AIM OF THE TASK
Ignoring every picture, return the lines of the listing below word for word, from the line that holds "The group marched" through the line that holds "Nordwind Airlines Logo".

SUPPLIED ENTRIES
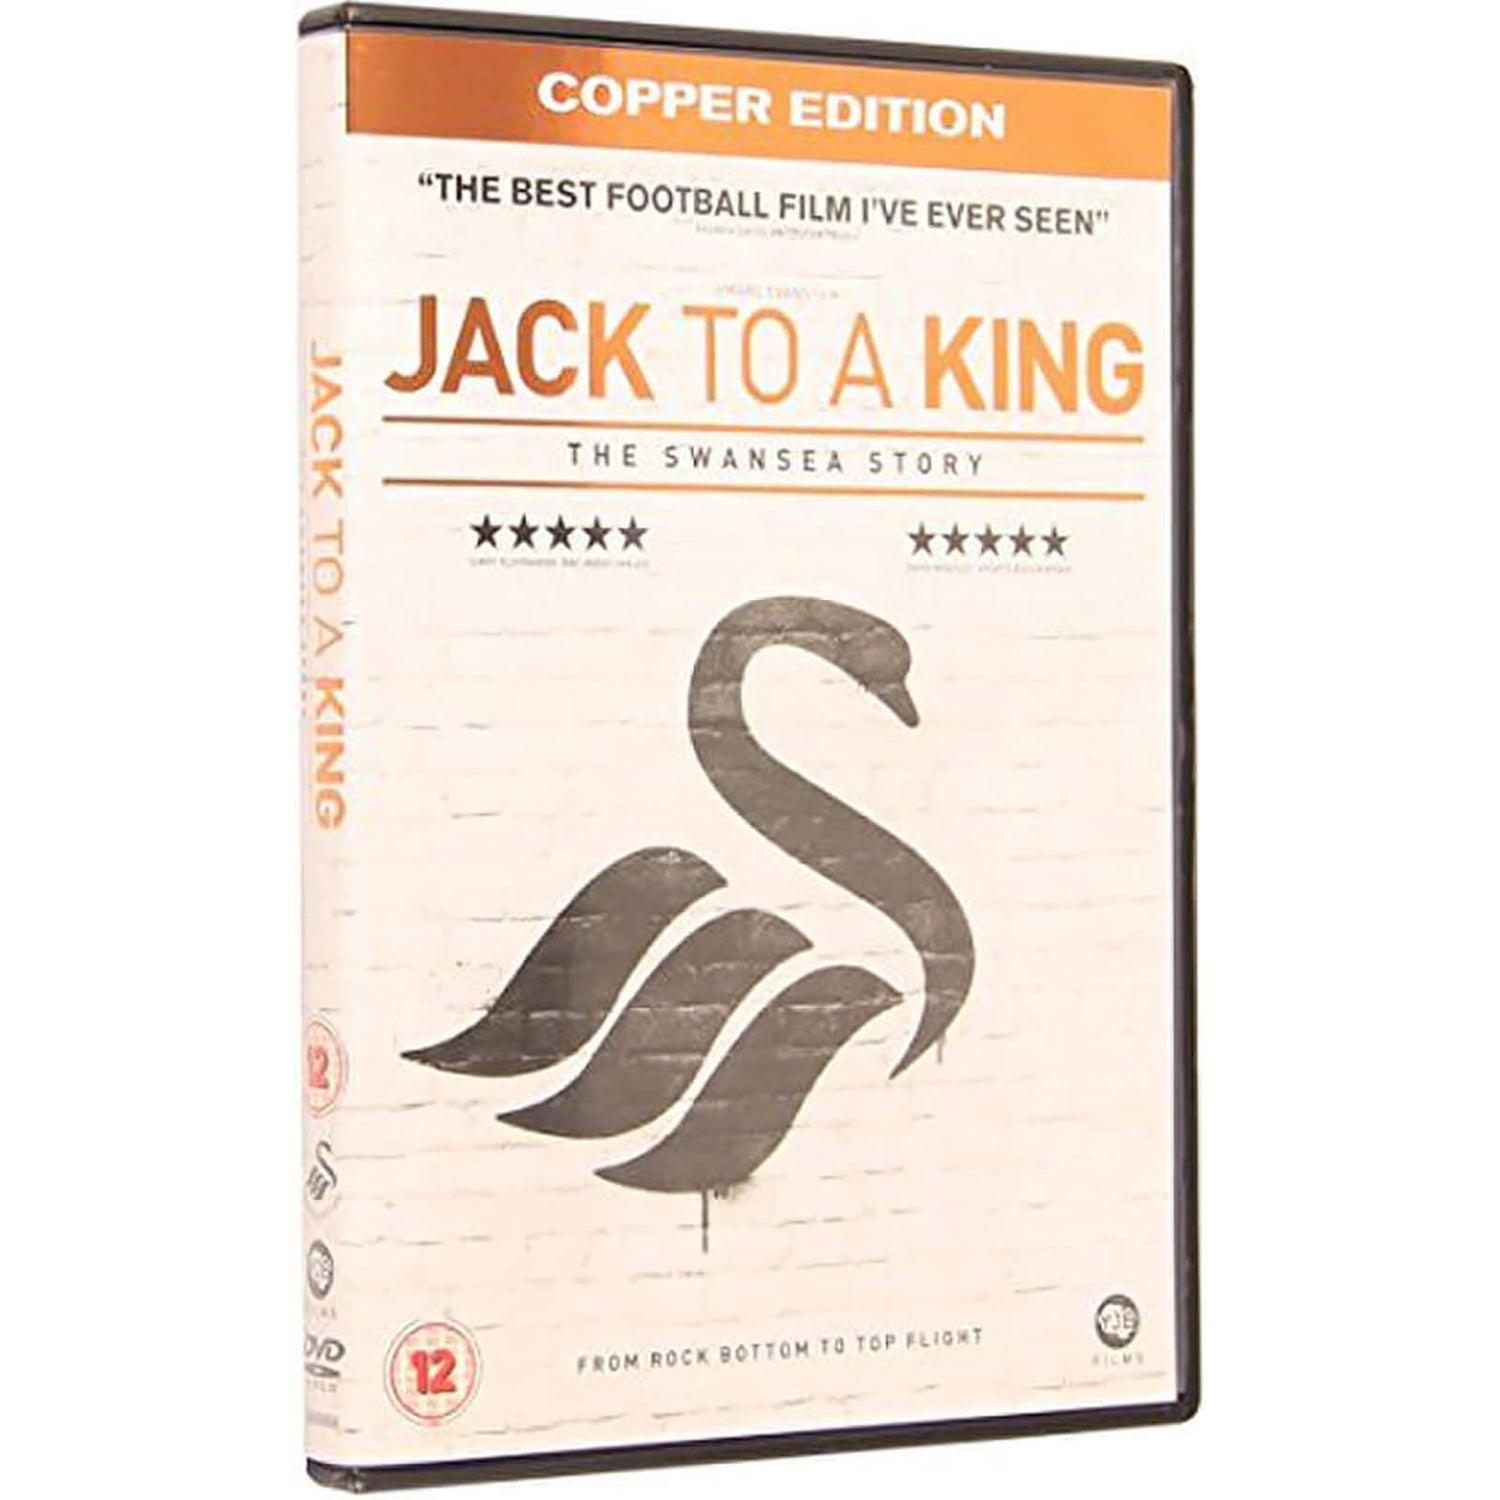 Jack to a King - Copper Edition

==

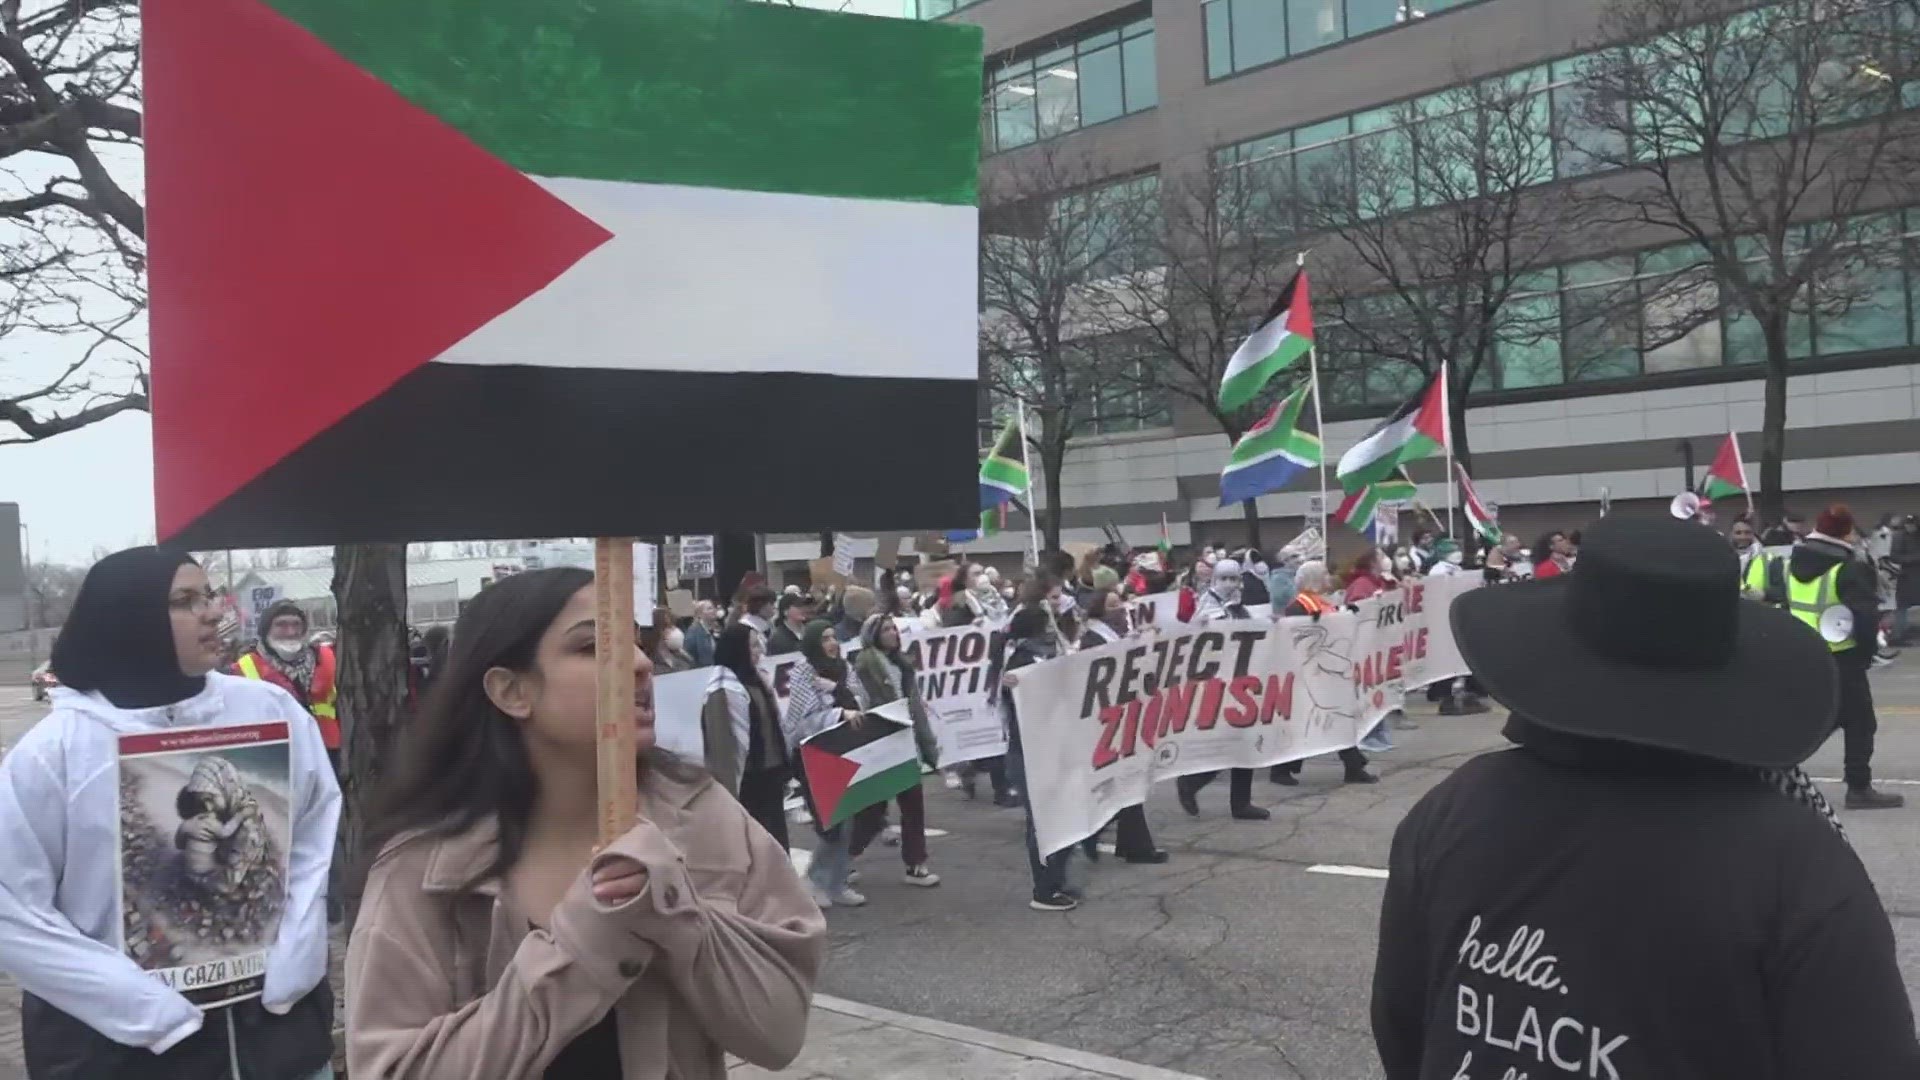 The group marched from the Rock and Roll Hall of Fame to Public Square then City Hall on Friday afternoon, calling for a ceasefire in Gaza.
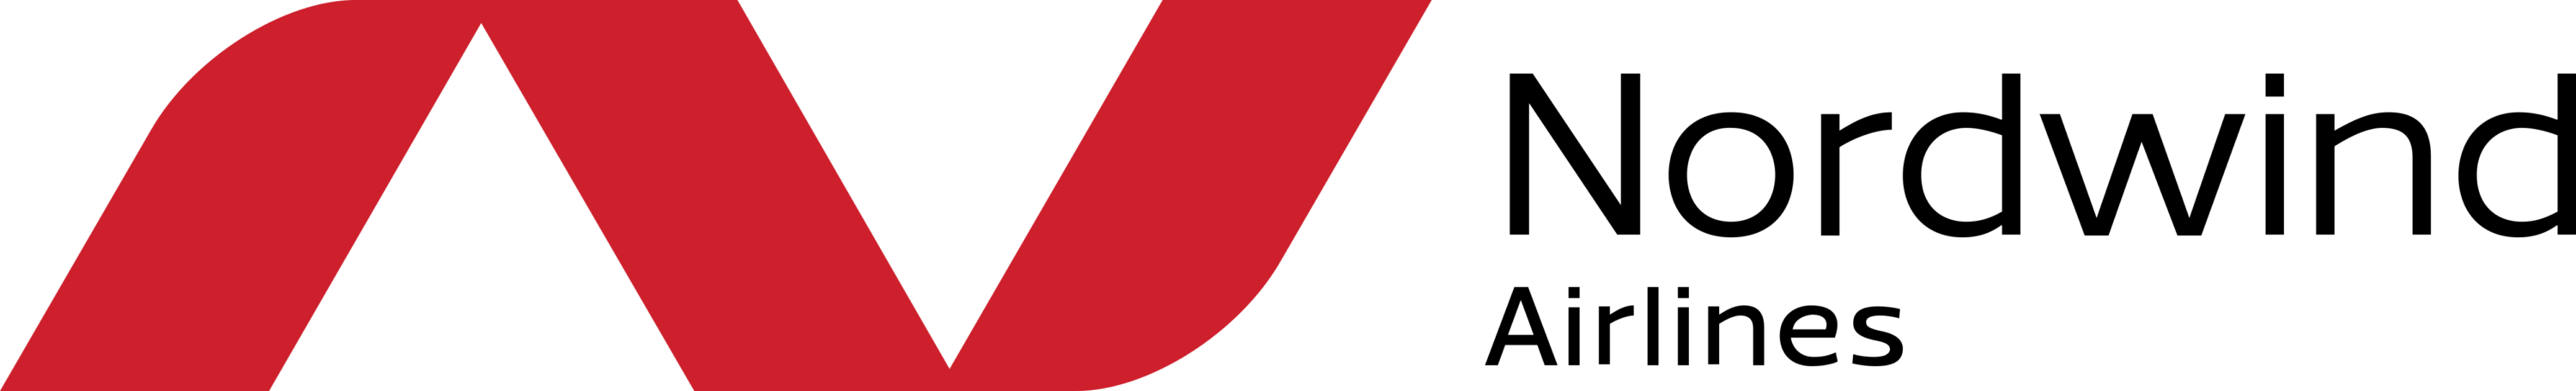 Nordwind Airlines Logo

...

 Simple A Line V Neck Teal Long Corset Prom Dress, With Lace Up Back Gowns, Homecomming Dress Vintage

TASK RESULT
 The group marched from the Rock and Roll Hall of Fame to Public Square then City Hall on Friday afternoon, calling for a ceasefire in Gaza.
 Nordwind Airlines Logo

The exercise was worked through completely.